Chakram, R.S. (2024). Validation of clinical tools to measure visual functions in children with cerebral visual impairment. (Unpublished Doctoral thesis, City, University of London)

Abstract

Background and Purpose

Several tests of visual functions have been developed and validated for typically developing children but very few have been validated in children with special educational needs (SEN). Cerebral visual impairment (CVI) which is a rising cause of paediatric vision impairment globally is a neurological condition categorized under the umbrella of SEN. Children with CVI are likely to have additional developmental delays in areas such as motor, speech, communication and cognition which makes assessment of visual functions challenging. In addition, other factors may also contribute to the variability of visual functions including location/extent of brain damage, overall development, seizures and medications used by these children. Measuring visual functions is therefore important in this population to understand how well a child performs visually and to understand the benefits of visual rehabilitation. Equally important is availability of visual function tools that are repeatable and can easily be carried out on this population. Children with CVI can present anywhere across low to high visual functioning and therefore validating the clinical tools to measure their visual functions is useful. The current study focused on validating clinical tools for the most commonly measured visual function, i.e., visual acuity (VA) and the parameter that relates closely with functional vision, i.e., contrast sensitivity (CS) in children with CVI by comparing the limits of agreement (LoA) between different tests of VA and CS and determining their repeatability indices. The association of visual functions with other factors such as: brain imaging findings, developmental quotient/age, seizure history/activity and functional vision score were also studied.

Methodology

Children aged 6 months to 7 years with a confirmed diagnosis of CVI by a paediatric neurologist were recruited primarily from a paediatric neurology clinic and some from a vision rehabilitation unit. Demographic and clinical information were elicited from the parents/caregivers and/or extracted from the medical records. Visual acuity was assessed using Teller acuity cards-II (TAC-II) and Peekaboo Vision application (PV app) and CS was assessed using the Hiding Heidi low contrast face test (HH cards) and Ohio contrast cards (OCC). Seizure history as reported by the parents/caregivers and the activity using the electroencephalography findings was noted. Developmental quotient was assessed using the Denver Developmental Screening Test-II (DDST-II) by a clinical psychologist. The brain imaging findings were scored by the neuro-radiologist based on the magnetic resonance imaging (MRI) scanned films and the children were classified as having mild, moderate, and severe damage. The functional vision assessment was measured using the CVI range instrument and the children were categorized into phase I, II and III indicating low, moderate and high functioning CVI respectively. Intra-observer repeatability was carried out within a test-retest duration of 1 month. Chronologically age-similar typically developing children were recruited as the control group.

Results

Demographic and clinical characteristics of children with CVI
A total of 111 children with CVI with a mean age of 3.00±1.85 years (7 months to 7 years, 70.2% males) were recruited in the study. Neonatal hypoglycaemic brain injury was noted to be the most common aetiology of CVI (47.6%). The brain imaging findings revealed that a majority of the children were categorised as having severe damage (66.6%). The most common parent-reported visual concerns included difficulty in recognizing faces (45.4%) and maintaining eye contact (34.5%) in children ≤3 years. While maintaining eye contact (25%) remained as a concern for older children >3 years followed by missing objects in the lower/side field (17.5%).
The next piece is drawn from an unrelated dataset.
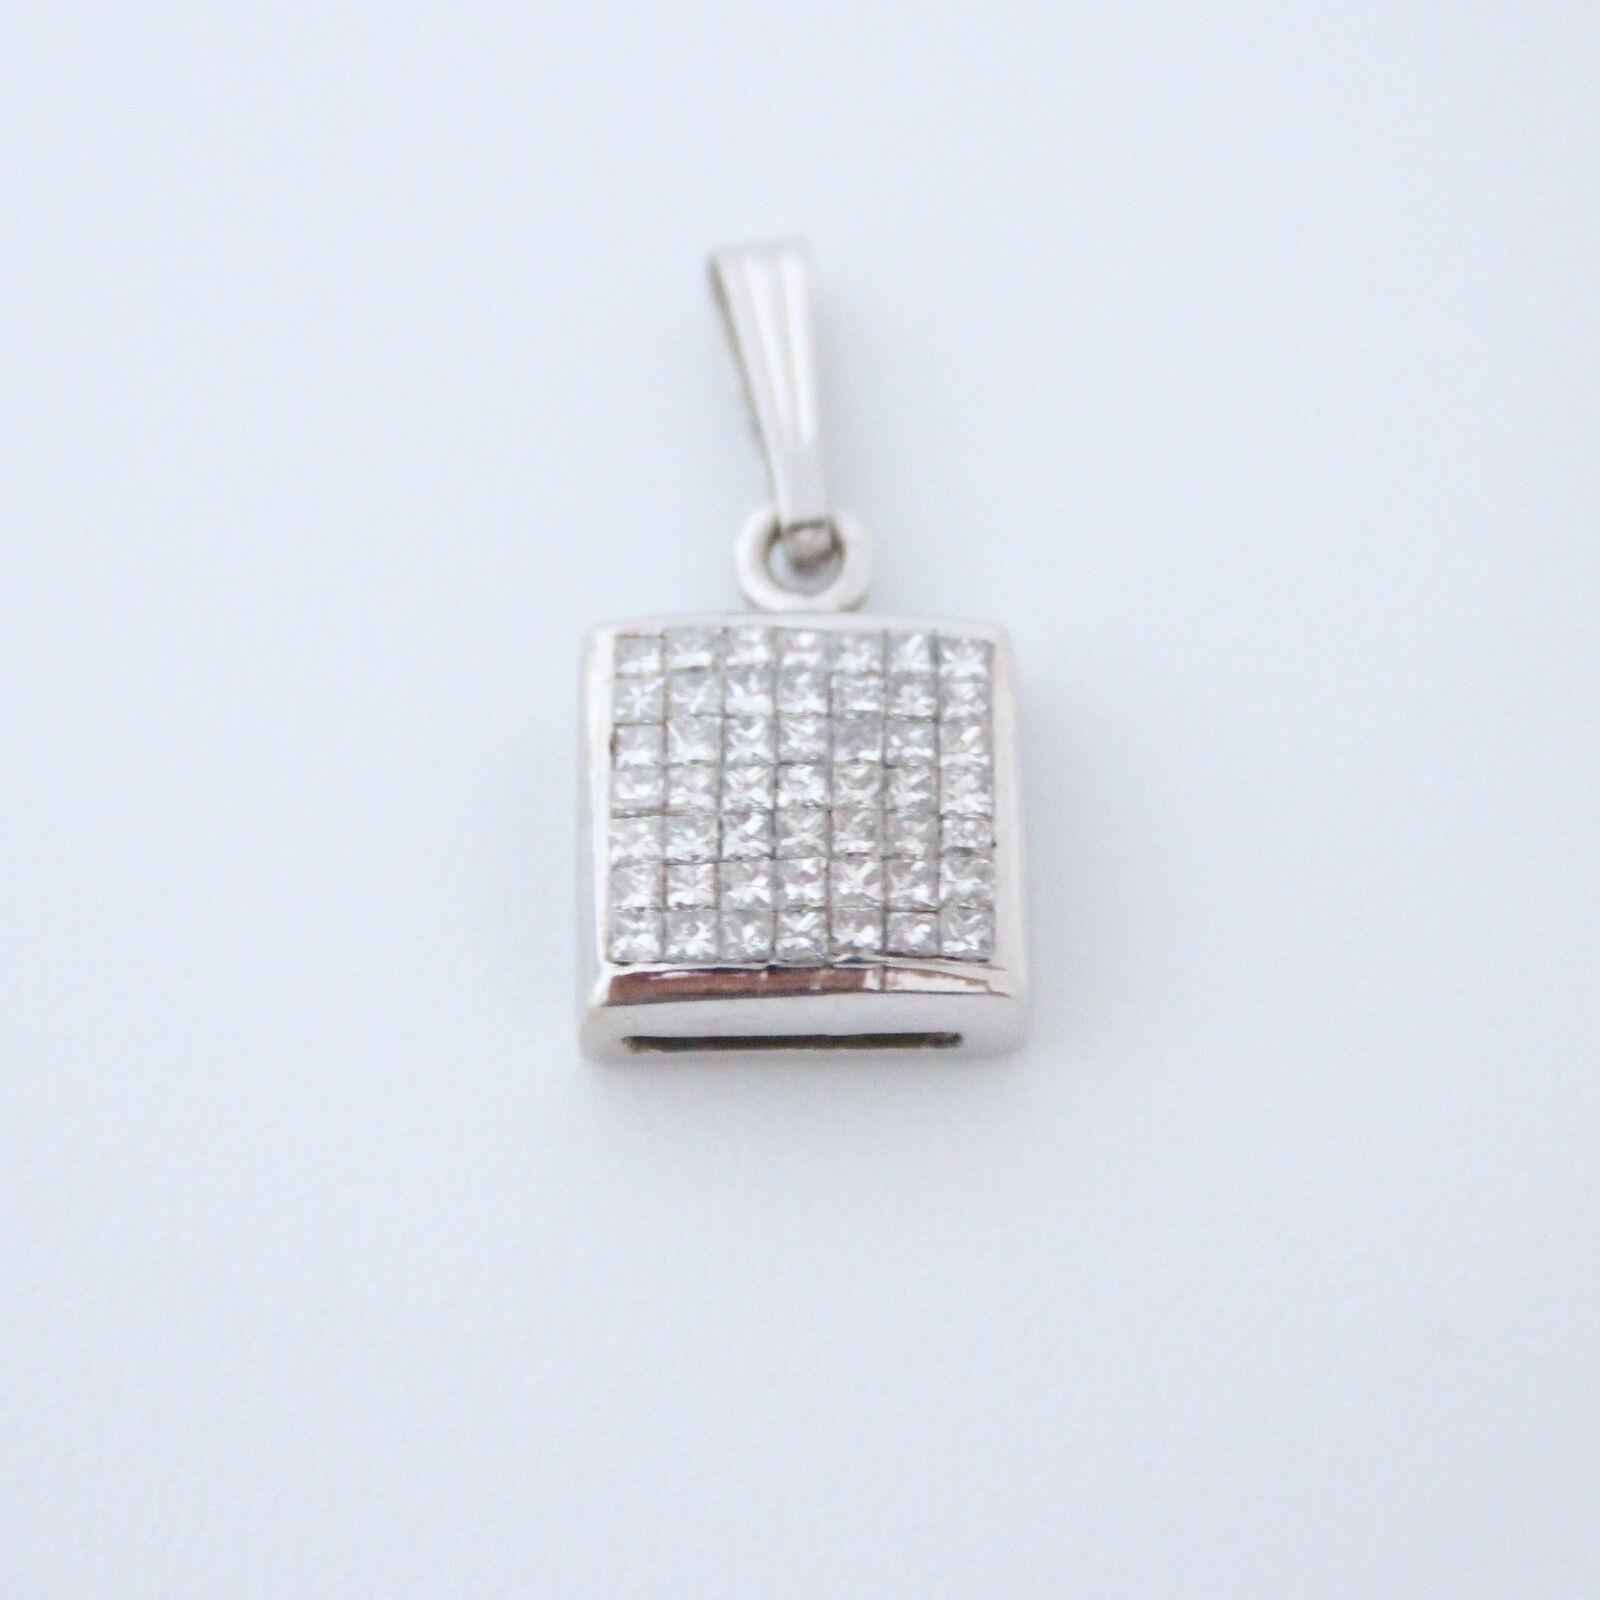 Earnest Tout Nouveau Zircone Cristal Handmade Anneau Bague Fiançailles Mariage Size-8.25 Bijoux, Montres

Visual functions in children with CVI
The testability rates were found to be highest for TAC-II (95.4%) and HH cards (91.8%) in the VA and CS tests respectively. The testing times were noted to be comparable between the VA tests: TAC-II and PV app (p=0.80) and in CS, HH cards was found to be faster compared to OCC (p<0.01). The mean difference between PV app and TAC-II was -0.25±0.40 logMAR, 95% LoA was -1.03 to 0.53 logMAR and this was noted to be significantly different (p<0.01). The PV app over-estimated VA when compared to TAC-II by 0.25 logMAR. The mean difference between HH cards and OCC was 0.06±0.22 logCS, 95% LoA was -0.37 to 0.49 logCS and this was noted to be significantly different (p<0.01). The OCC cards under-estimated CS when compared to HH by 0.06 logCS. The intra-observer repeatability of tests carried out in 21 children with CVI revealed that TAC-II had better repeatability (coefficient of repeatability, CR=0.47) compared to PV app (CR=0.99). In CS tests, OCC had better repeatability (CR=0.24) when compared to HH cards (CR=0.55).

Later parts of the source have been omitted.